> _What is needed_:
In the copy, include all of the listing exactly and none of its pictures.

**** Data block ****

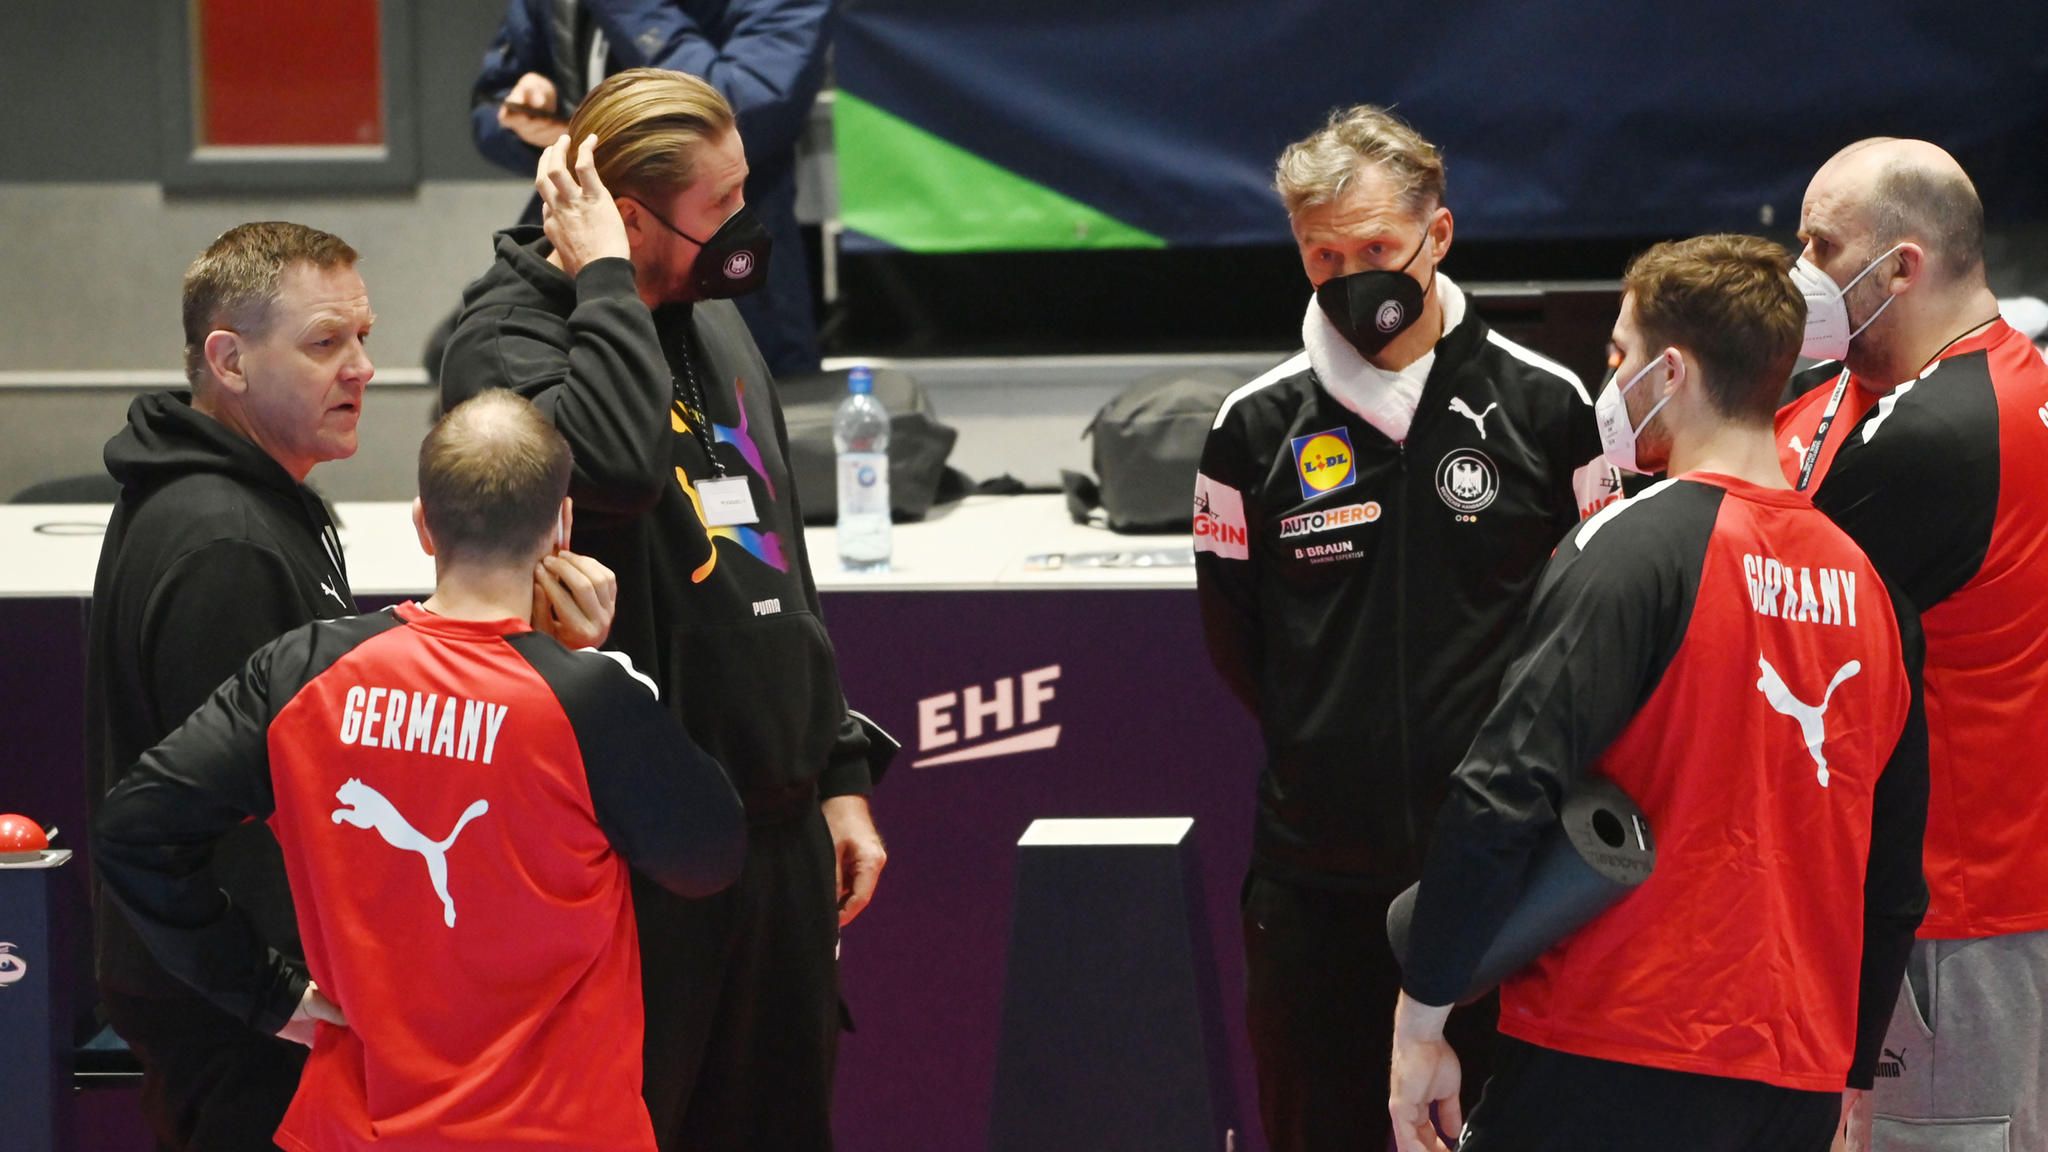 Handball-EM Deutsche Mannschaft spielt trotz Corona weiter STERN.de
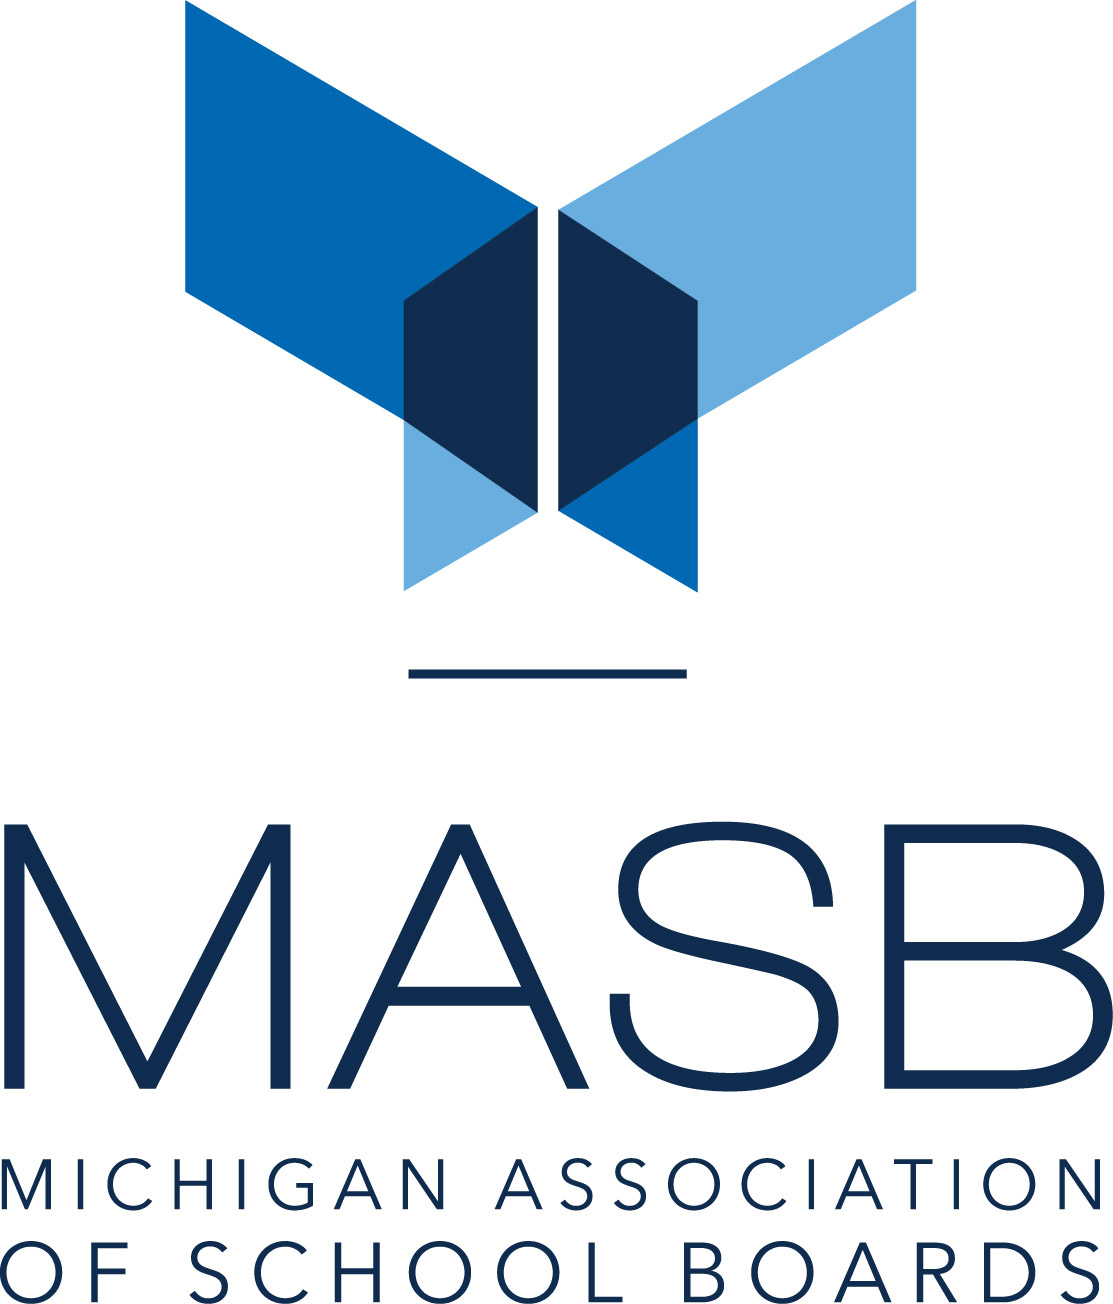 Michigan Association of School Boards logo
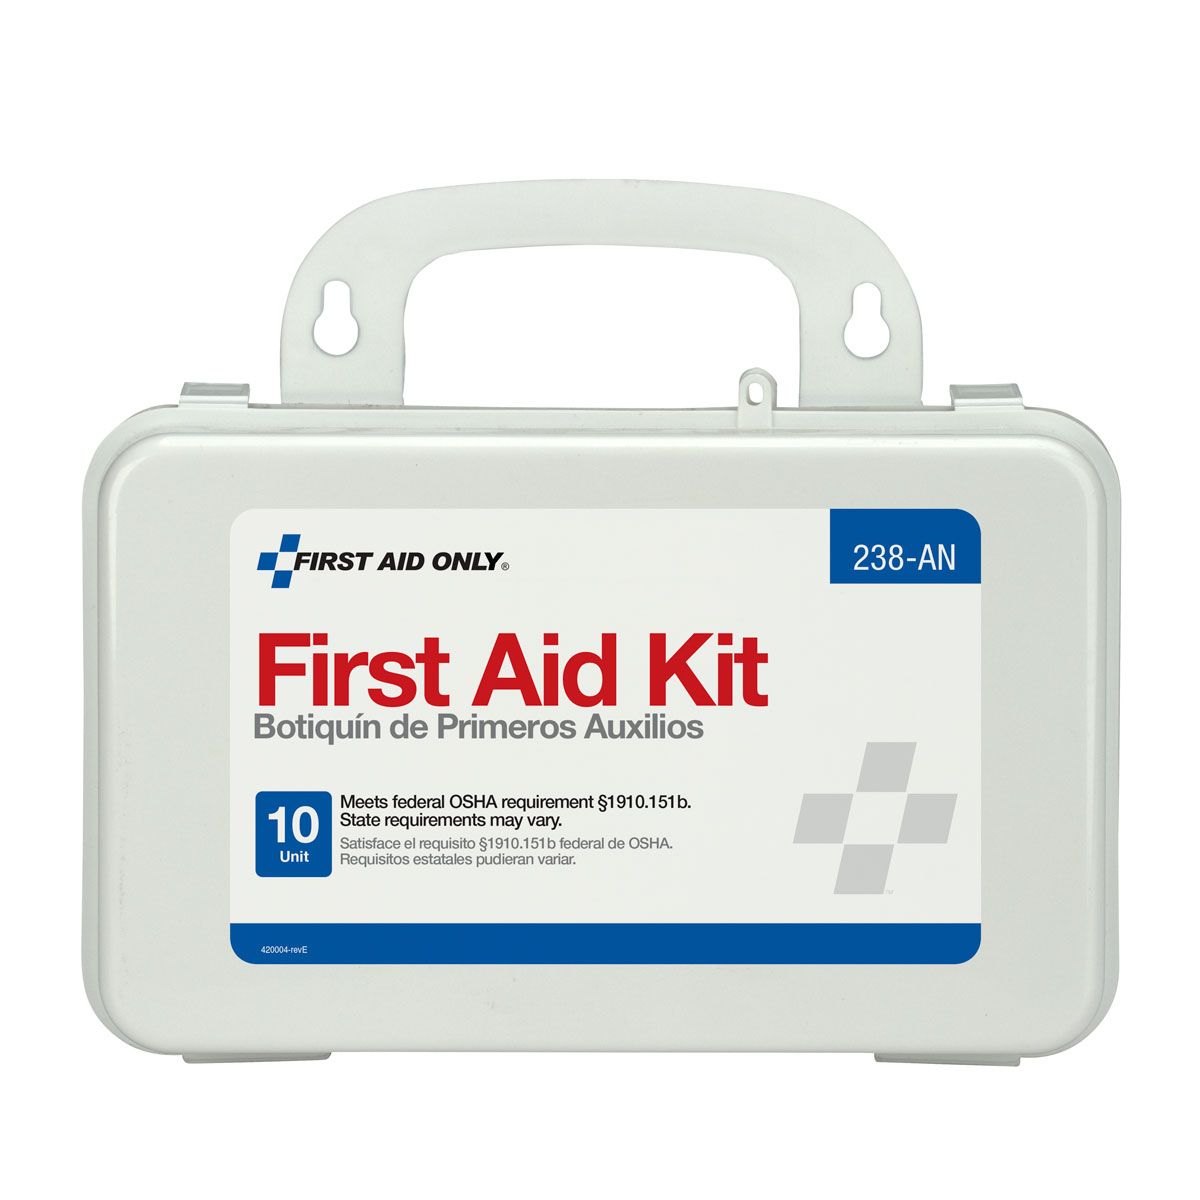 10 Unit First Aid Kit, Plastic Case - W-238-AN
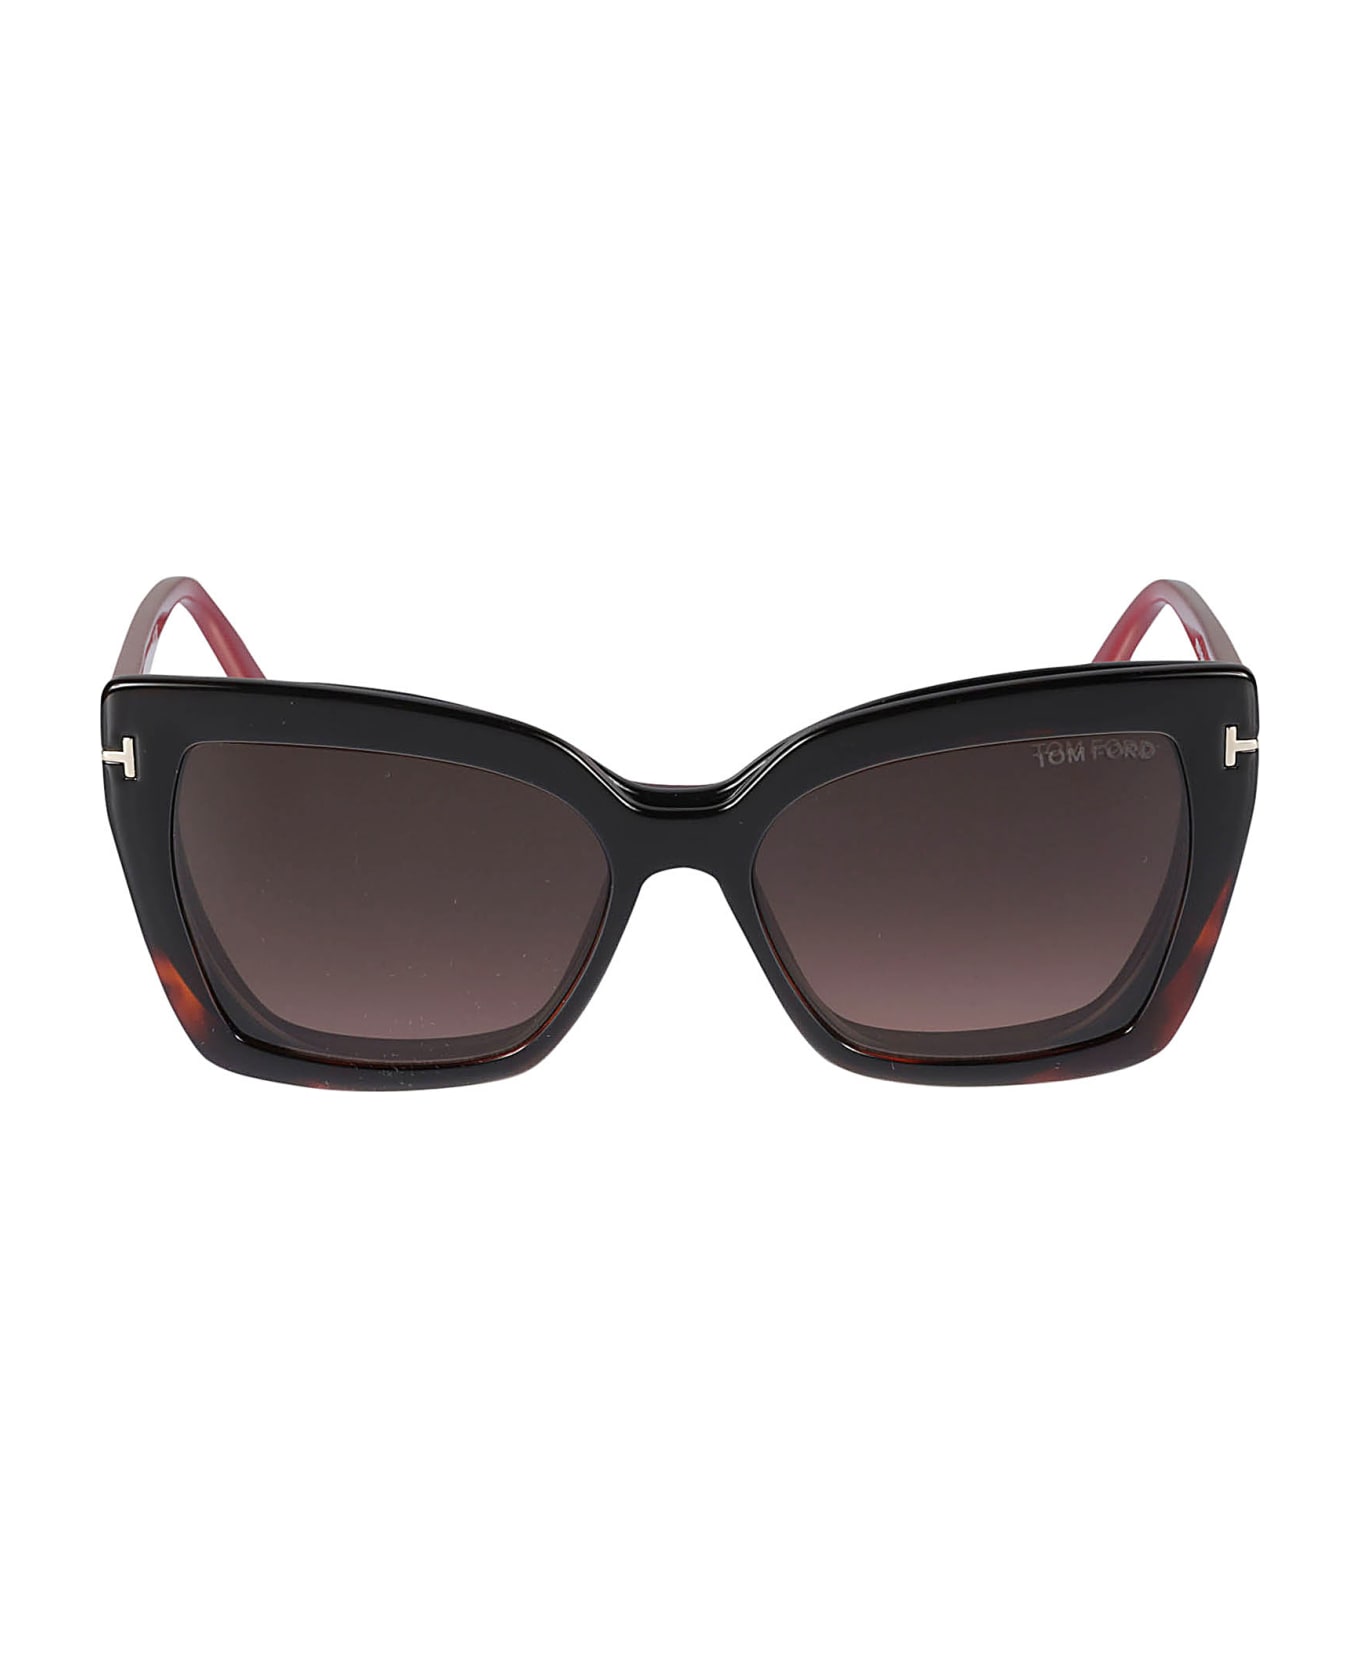 Tom Ford Eyewear Removable Frame Sunglasses - 075

****

> _Answer for this exercise_:
 Handball-EM Deutsche Mannschaft spielt trotz Corona weiter STERN.de
 Michigan Association of School Boards logo
 10 Unit First Aid Kit, Plastic Case - W-238-AN
 Tom Ford Eyewear Removable Frame Sunglasses - 075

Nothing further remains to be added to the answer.